On November 13 of last year, Arbitrator Sara Adler issued an opinion denying the grievances and upholding the city’s right to fire Mabanag and Siapno for insubordination. Following the arbitrator’s opinion, the two former officers signed a settlement, finalized last week, ending their grievances and civil complaints. Neither one will receive any money from the City of Oakland. “If the ruling had gone the other way, it would have been a major financial hit to the city, not to mention a huge setback for police reform in Oakland,” City Attorney Russo said. “We were determined that these fired officers would not receive a dime from Oakland taxpayers. I want to thank the legal team of Meyers Nave and the Law Offices of Karen Snell for their work on this important case.”

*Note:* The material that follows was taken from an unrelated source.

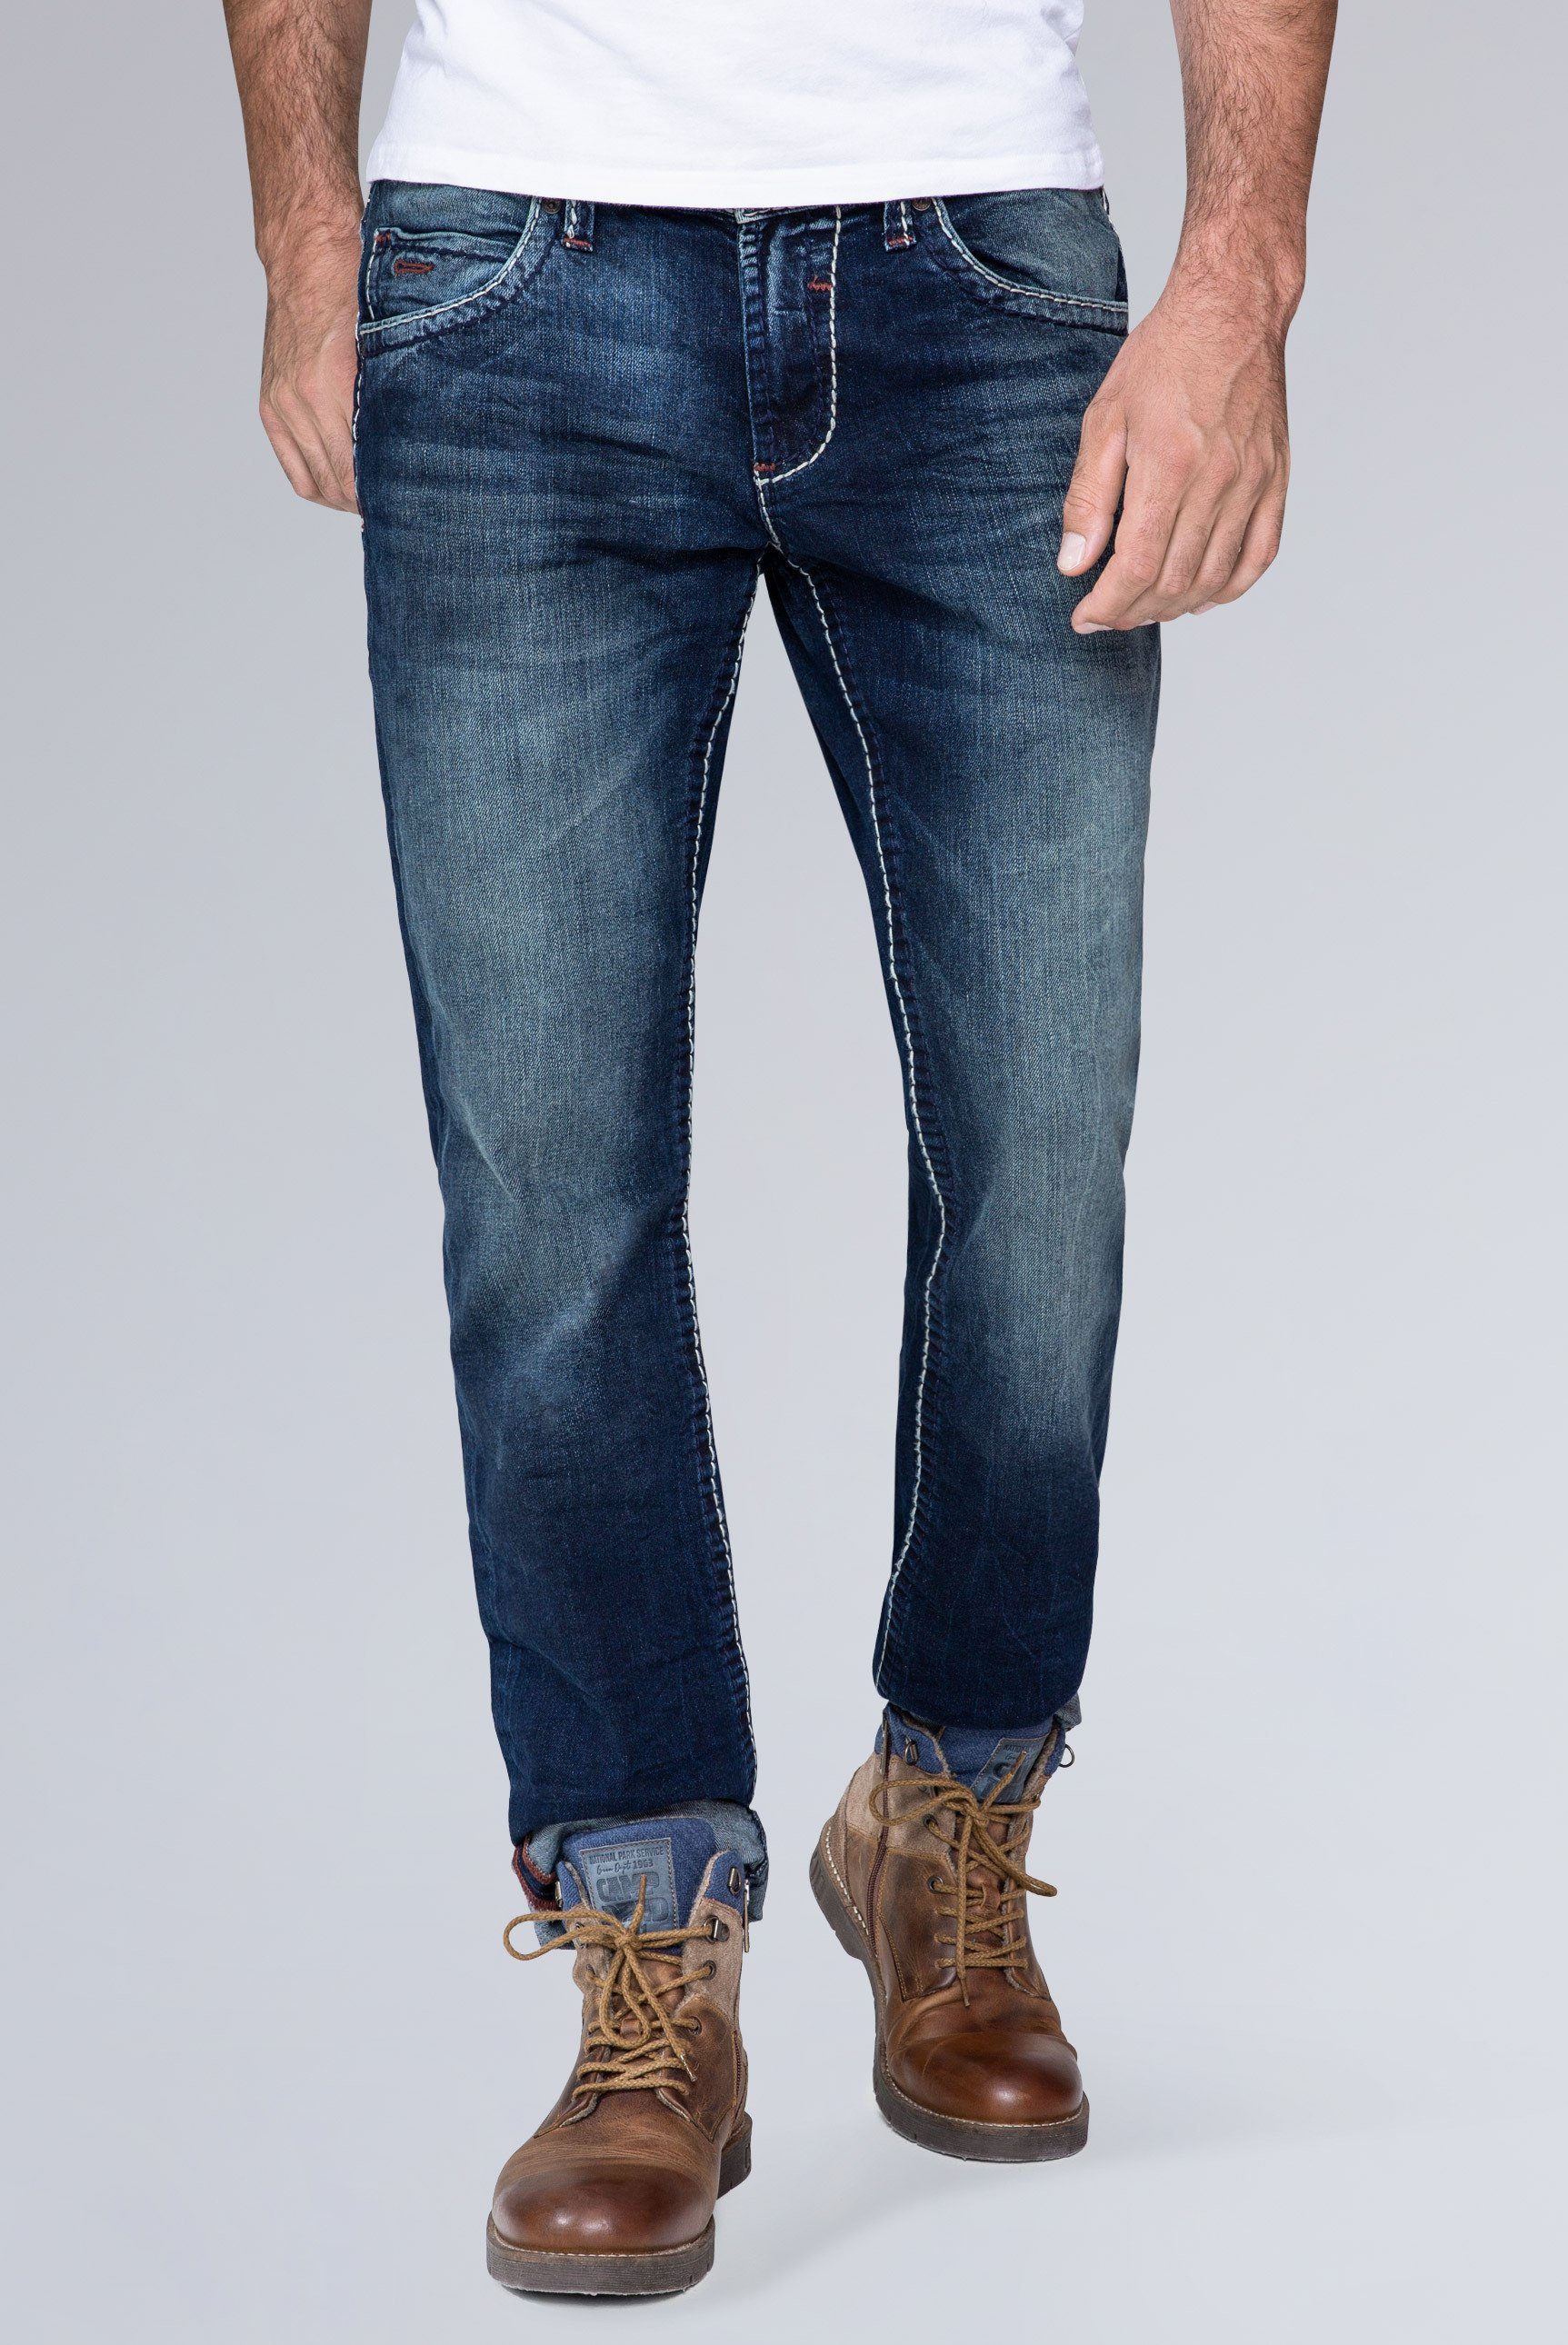 CAMP DAVID Straight-Jeans »NI:CO:R611« mit markanten Steppnähten online  kaufen | OTTO

“The attorneys for the fired officers spent tens of thousands of dollars fighting these terminations,” said Meyers Nave. “We are gratified that the arbitrator reached a just outcome on behalf of the City of Oakland.”
The Riders – Mabanag, Siapno and two other former officers – were accused of beating suspects, planting evidence and engaging in other illegal acts on Oakland’s streets in the late 1990s.
In 2003, the City of Oakland agreed to a settlement to resolve a civil rights lawsuit accusing the officers of misconduct. The City of Oakland paid $2.2 million of the $10.5 million settlement – the rest was paid by the city’s insurer. The city also entered into a Negotiated Settlement Agreement designed to bring a high level of accountability and oversight to the Oakland Police Department.
The alleged leader of the Riders, Frank Vasquez, fled the country and remains a fugitive. The other three officers – Mabanag, Siapno and Matt Hornung – were charged with multiple felonies by the Alameda County District Attorney. Juries in two criminal trials deadlocked on a majority of charges, and none of the Riders were convicted of crimes. Hornung was found not guilty after the second trial and received a $1.5 million settlement from the city’s insurance carrier. City of Oakland taxpayers did not pay any part of that settlement – it was paid entirely by the insurance carrier.